*** Source data ***
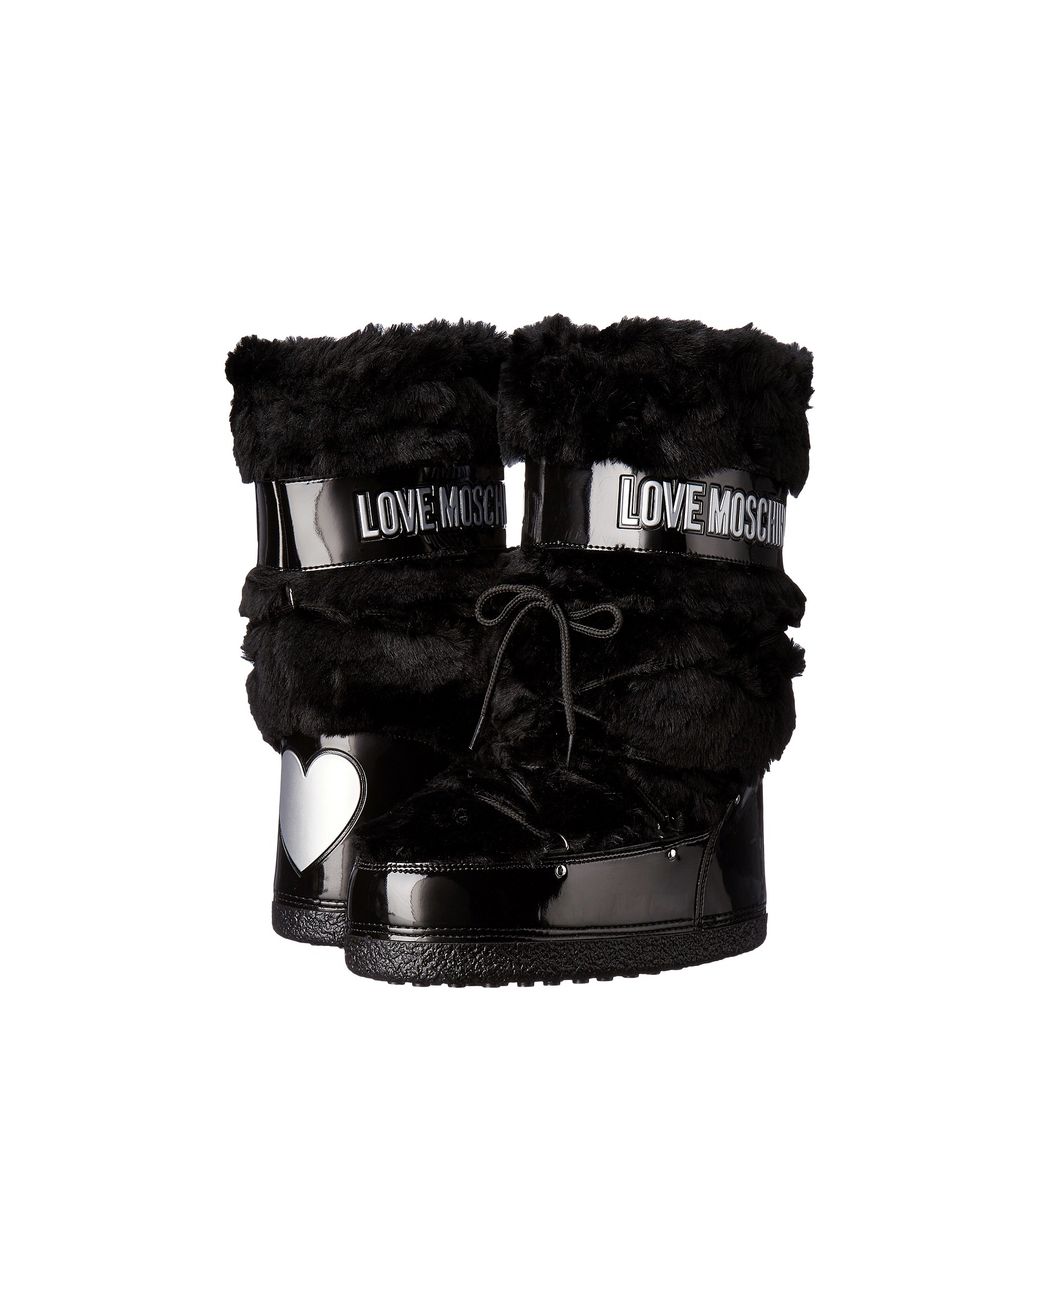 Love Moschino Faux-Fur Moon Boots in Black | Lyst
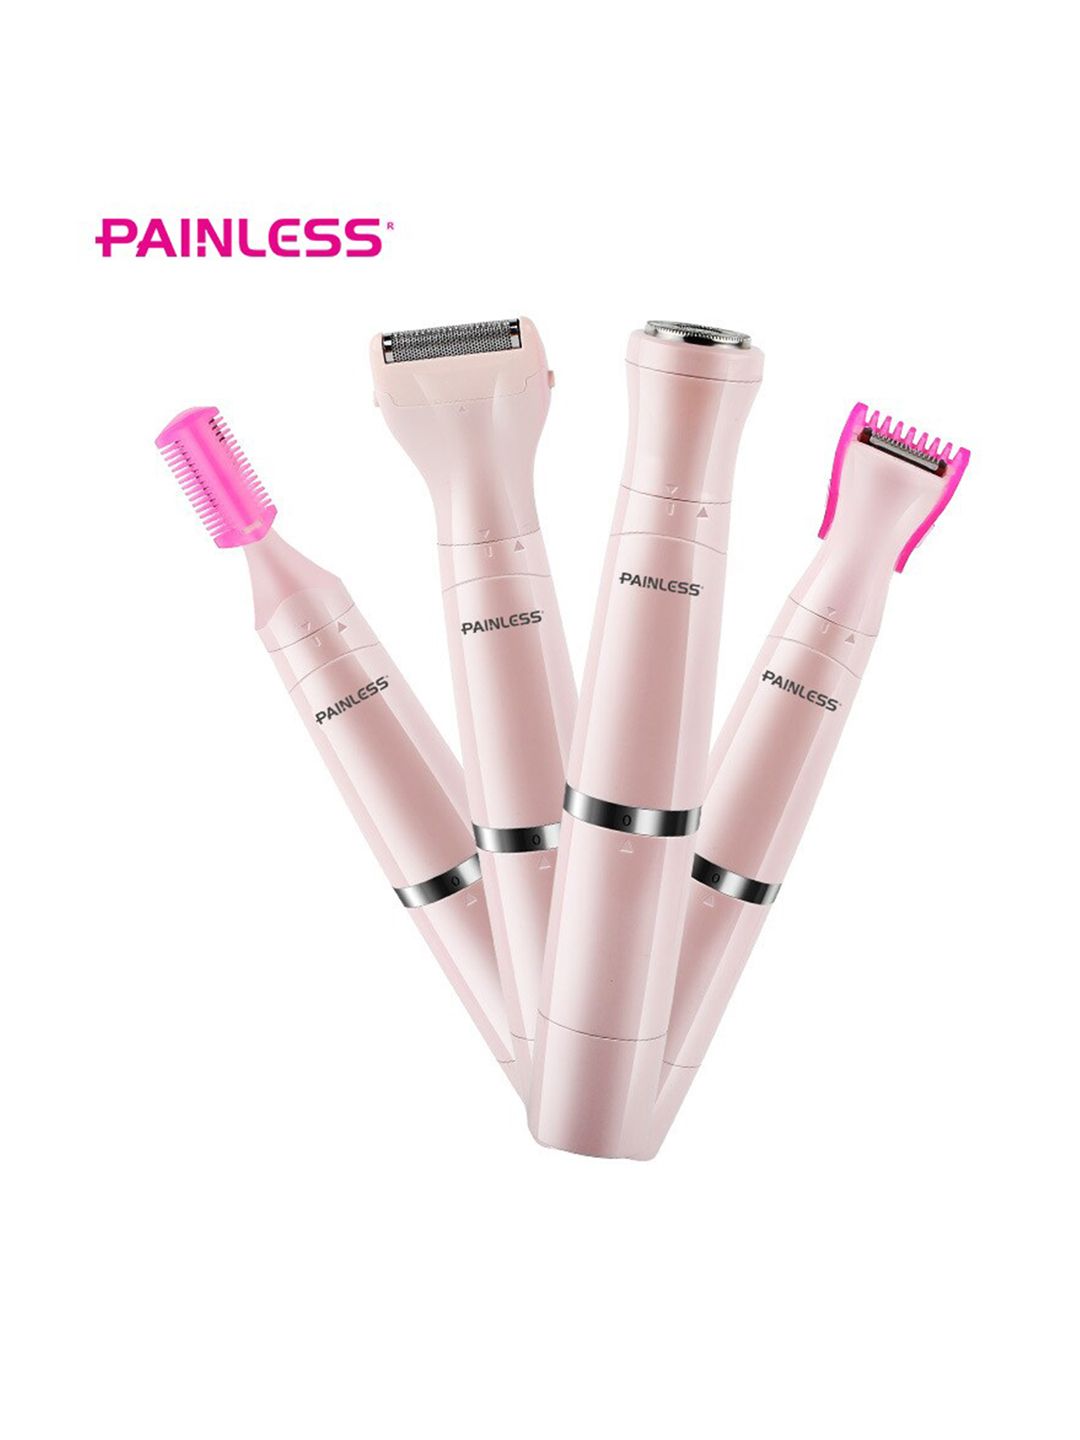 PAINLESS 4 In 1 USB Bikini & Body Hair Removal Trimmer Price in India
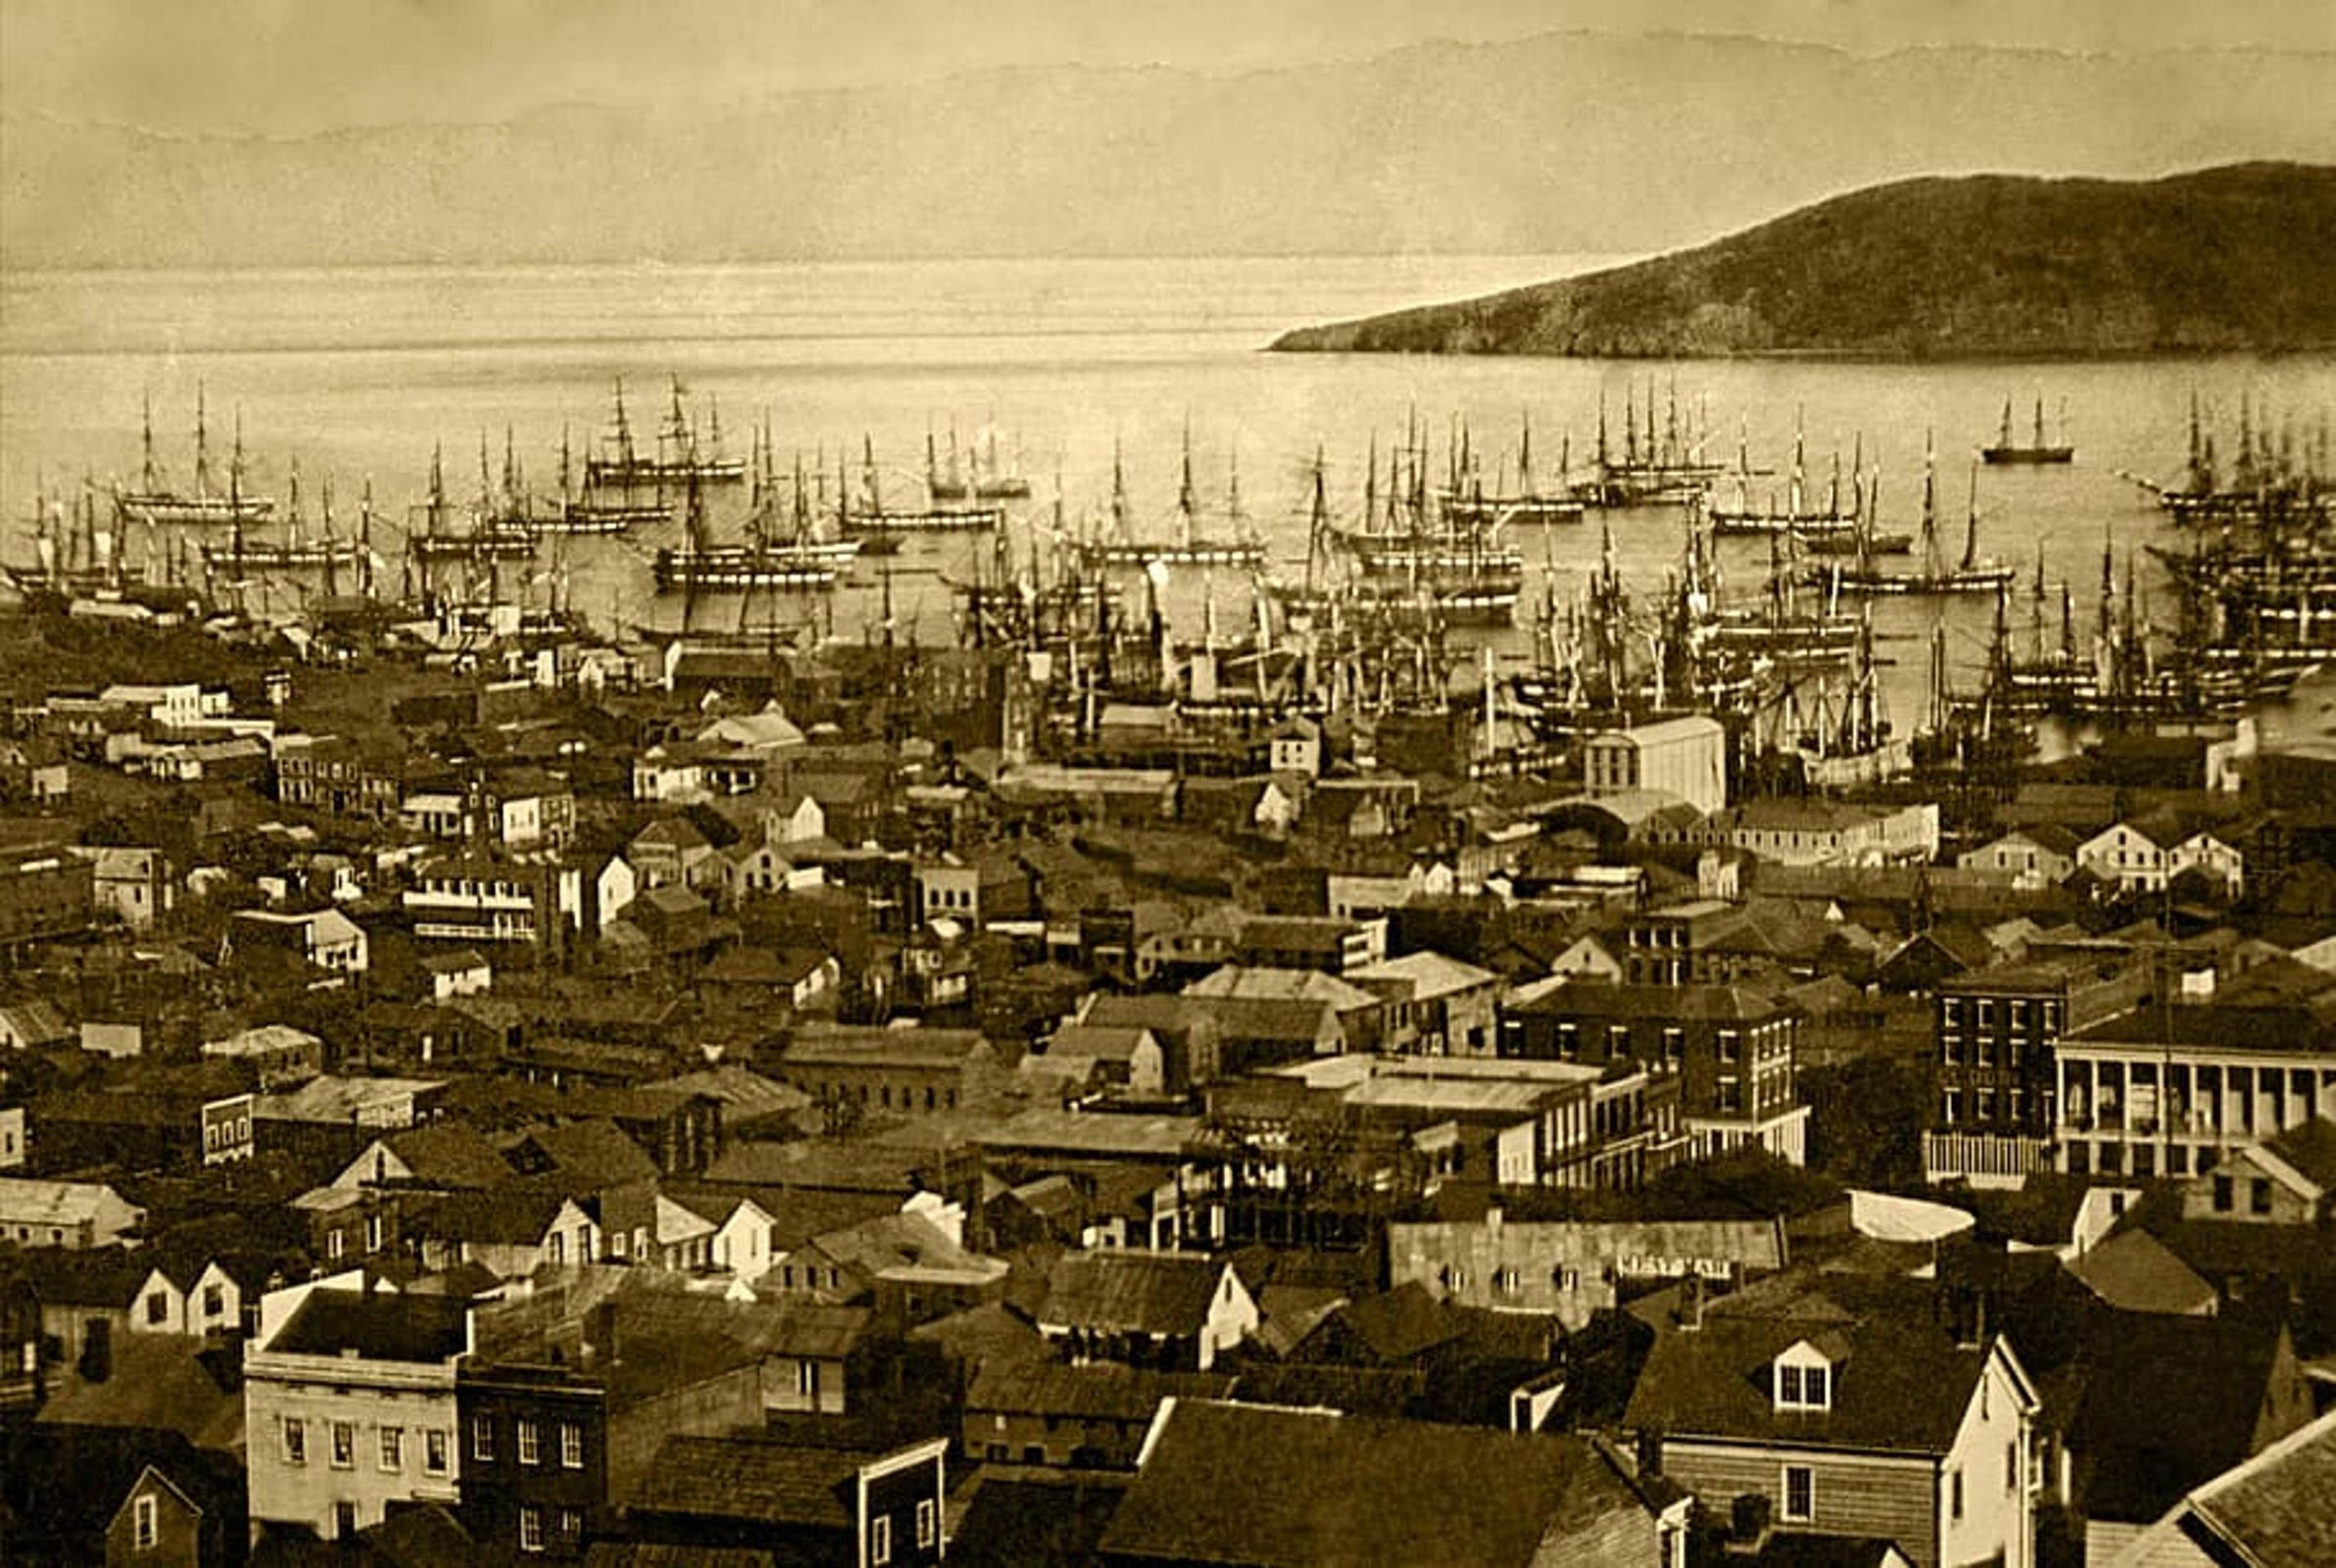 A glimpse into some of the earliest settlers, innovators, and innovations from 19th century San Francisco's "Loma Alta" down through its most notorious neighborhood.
***
__Exercise requirements__
Pictures do not belong in the copy. Repeat exactly each line from the one with "PAINLESS 4 In" through the end of the listing.

__Exercise response__
 PAINLESS 4 In 1 USB Bikini & Body Hair Removal Trimmer Price in India
 A glimpse into some of the earliest settlers, innovators, and innovations from 19th century San Francisco's "Loma Alta" down through its most notorious neighborhood.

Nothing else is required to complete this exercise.